Carmen Caffarel è direttore generale della televisione pubblica, Tve. Il Monsignore fa un cenno di fastidio con la mano: la televisione è uno scandalo, «nemmeno un programma sui 500 anni dalla morte di Isabel la cattolica. Riesce a crederci?». In cambio Carmen Caffarel ha appena affidato a Pedro Almodòvar e a Iciair Bollain due nuove serie tv di prima serata: parlano di donne sole. «Finanziano solo i loro estremisti», riassume il vescovo. Lui i tre migliori film spagnoli della stagione non li ha visti. Iciair Bollain è la giovane regista di Ti do i miei occhi, scarna e devastante storia di una donna che sempre torna dal marito violento perché incapace di lasciarlo solo con la sua debolezza, come davvero tanto spesso succede. «Bugie. Le donne che muoiono per mano dei mariti in Spagna sono meno che in Svezia». Almodòvar e i preti pedofili de La mala educaciòn. «Un film ridicolo, non ha avuto alcun successo. Sa cosa dice la gente? Le ossessioni di un frocio». La suora bonsai in punta di piedi gli infila il cappotto.
Seppellire gli embrioni
Il vescovo di Huesca, Jesus Sanz Montes, quando è uscito Mar adentro, il mare dentro, film di Amenabar prossimo candidato all'Oscar ha scritto una lettera pastorale intitolata Morte a Venezia. Sembra la prosa di un critico cinematografico, poi arriva al dunque. «Vogliono far passare la cultura dell'eutanasia nel sentire comune, così poi ci imporranno la loro legge». I socialisti, sempre sottinteso. Mar adentro racconta la storia vera di Ramon Sampedro, tetraplegico che spese gli ultimi anni di vita per ottenere una morte dignitosa. Il Monsignore si stringe nel cappotto perché tira vento. «Il suicidio tra tetraplegici è molto minore che tra persone sane. Ogni vita deve essere rispettata. Dall'embrione al malato terminale». Eccoci quindi all'embrione. «Sa cosa si deve fare delle migliaia di embrioni congelati?». Cosa. «Sgongelarli, lasciarli morire e dargli degna sepoltura». Seppellirli come, in piccole bare bianche? «Come creature viventi destinate a diventare, senza salti qualitativi, persone».

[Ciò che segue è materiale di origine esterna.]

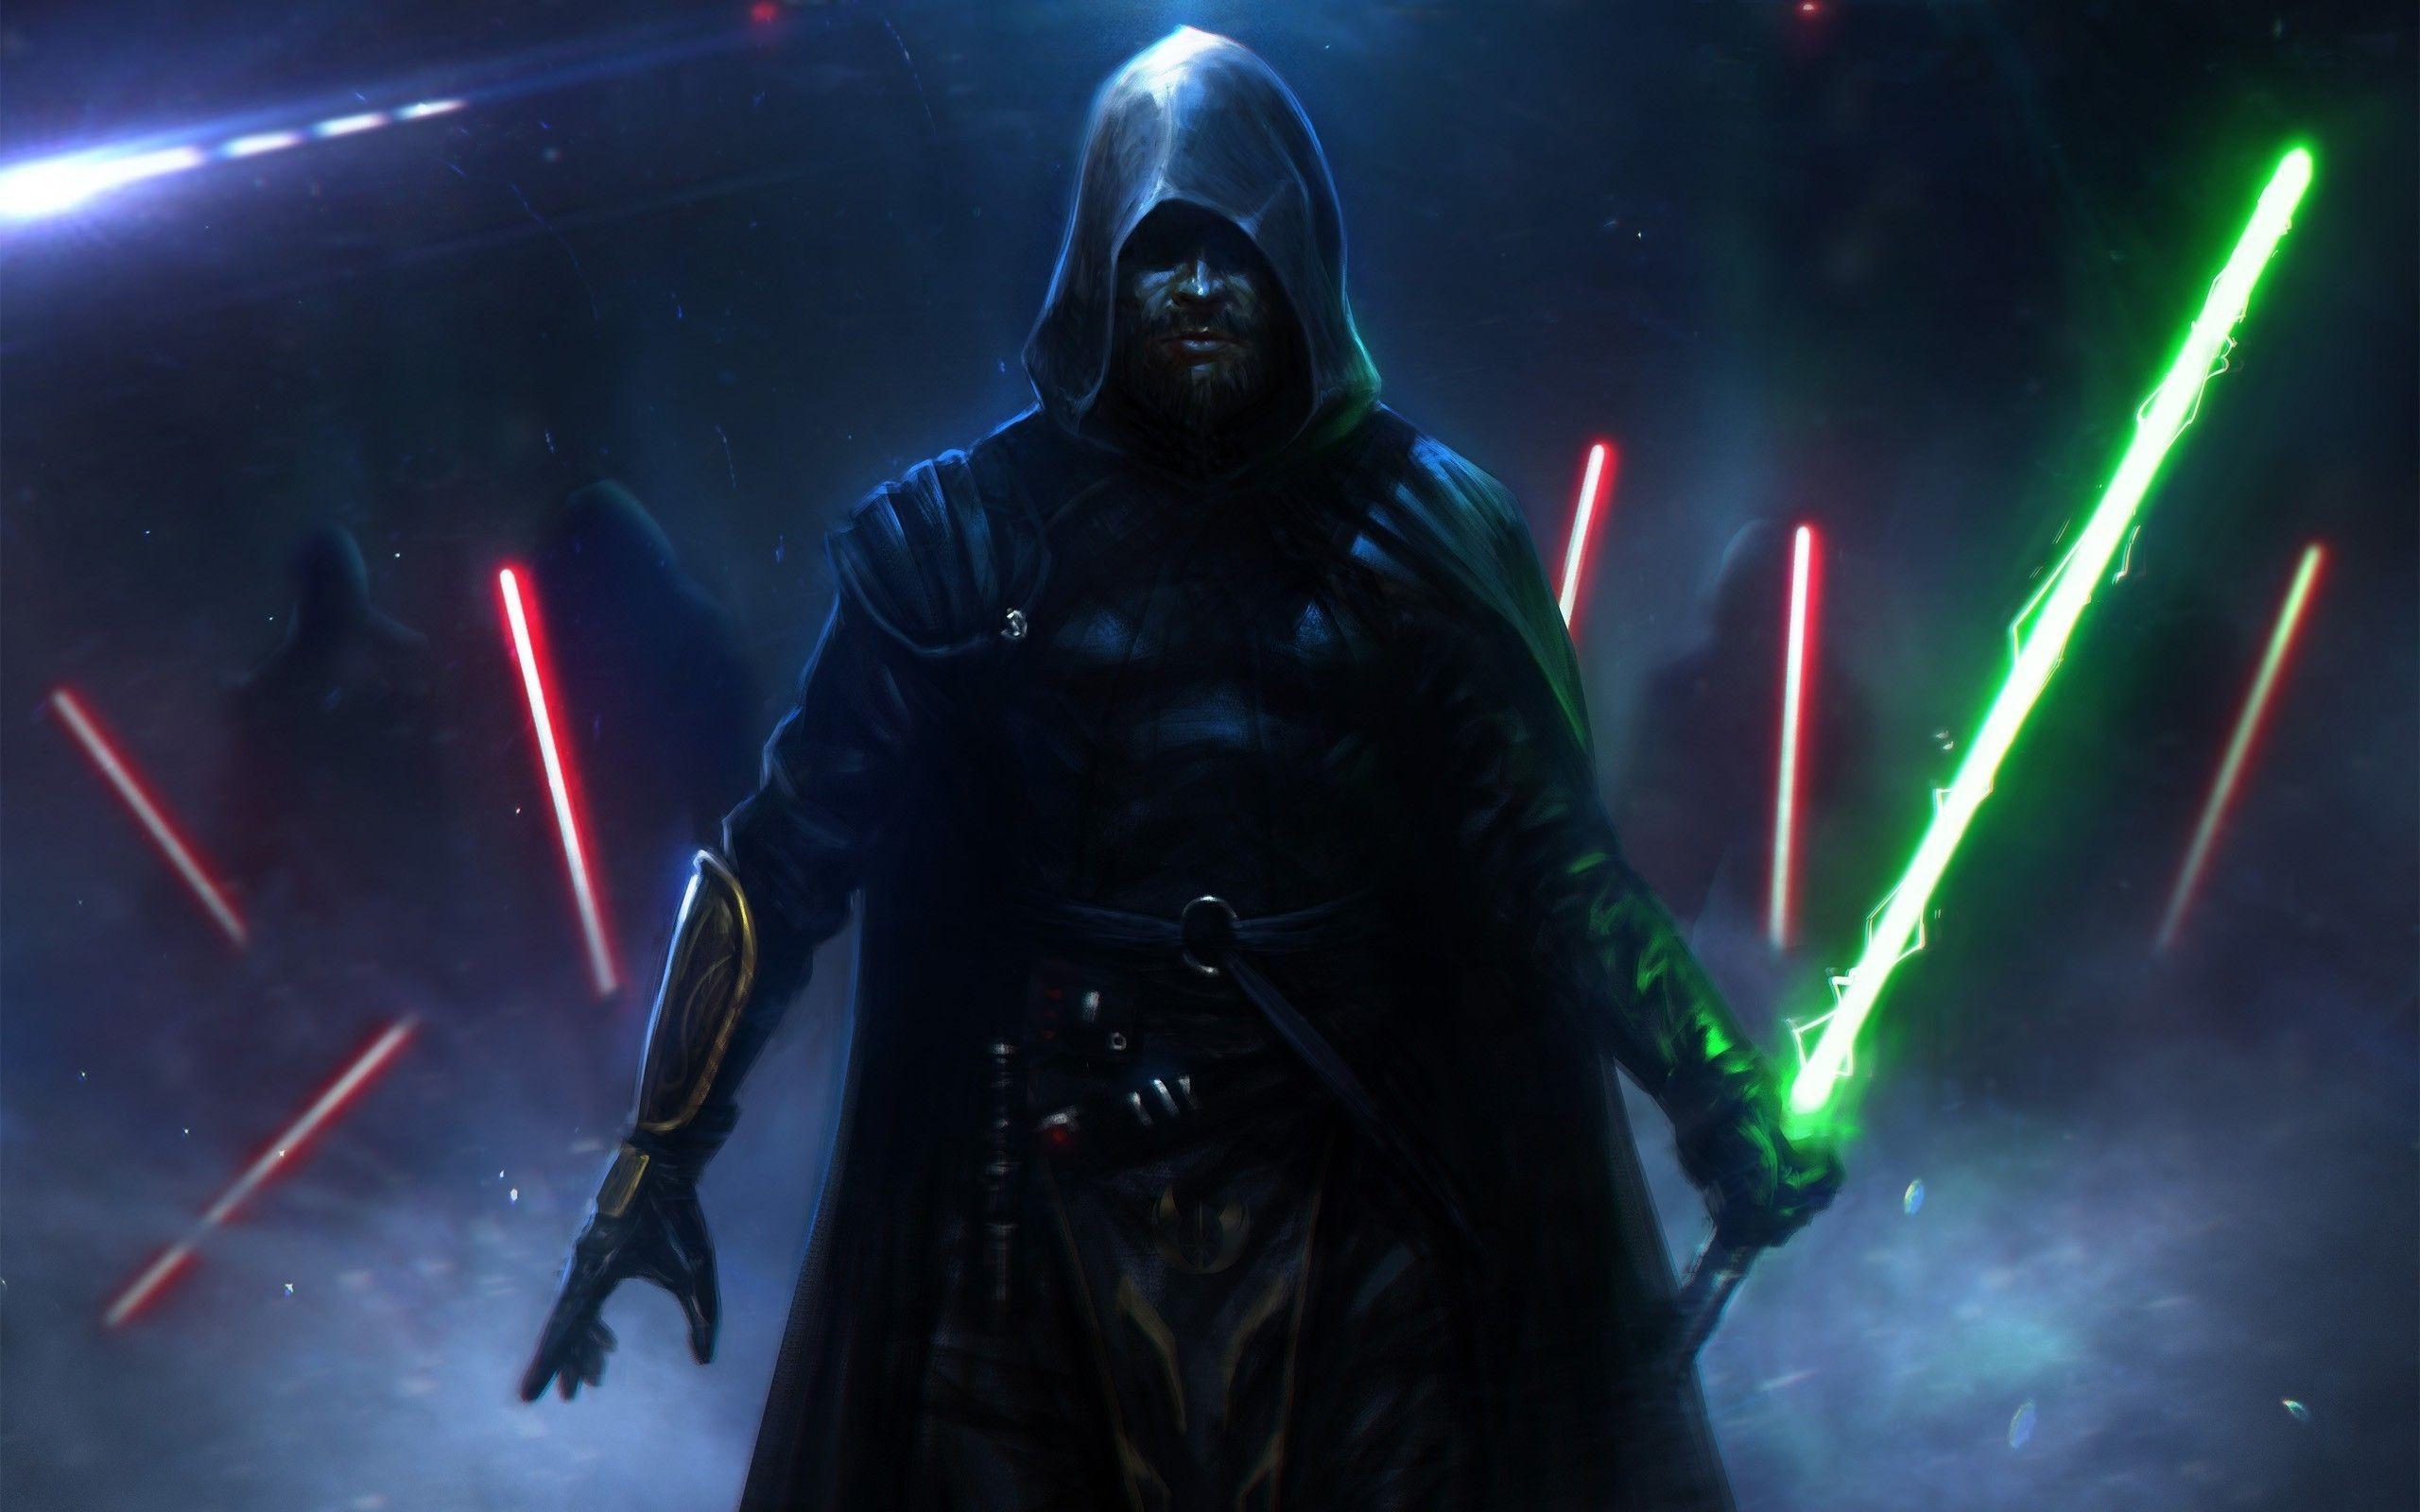 736623 best star wars lightsaber duel wallpaper 2560x1600 for hd 1080p

«I socialisti hanno vinto sull'onda emotiva dell'11 marzo», dice il Monsignore. Sulla strage di Madrid la Commissione parlamentare ha appena finito di interrogare per 12 ore Aznar, accusato appunto di aver mentito a fini elettorali dicendo che le bombe erano dell'Eta. Zapatero tira fuori dalla sua libreria un testo di Fernando de los Rios, padre del socialismo umanista, l'anti Ortega y Gasset, ministro del governo in esilio. «Essere laici - legge Zapatero - non significa essere tolleranti, che presuppone una superiorità, ma essere rispettosi delle convinzioni degli altri». Non c'è nessuna persecuzione, nessuna sete di vendetta, sorride con gli occhi celesti. Le donne quando esce per strada gli urlano guapisimo, bellissimo. «La Chiesa deve sapere che questo è uno stato laico». Dice Chiesa come dicesse gli amici della Lirica, un'associazione. «La Spagna non è più quella che vorrebbero loro, è forse in parte ancora quella, ma cammina svelta in un'altra direzione».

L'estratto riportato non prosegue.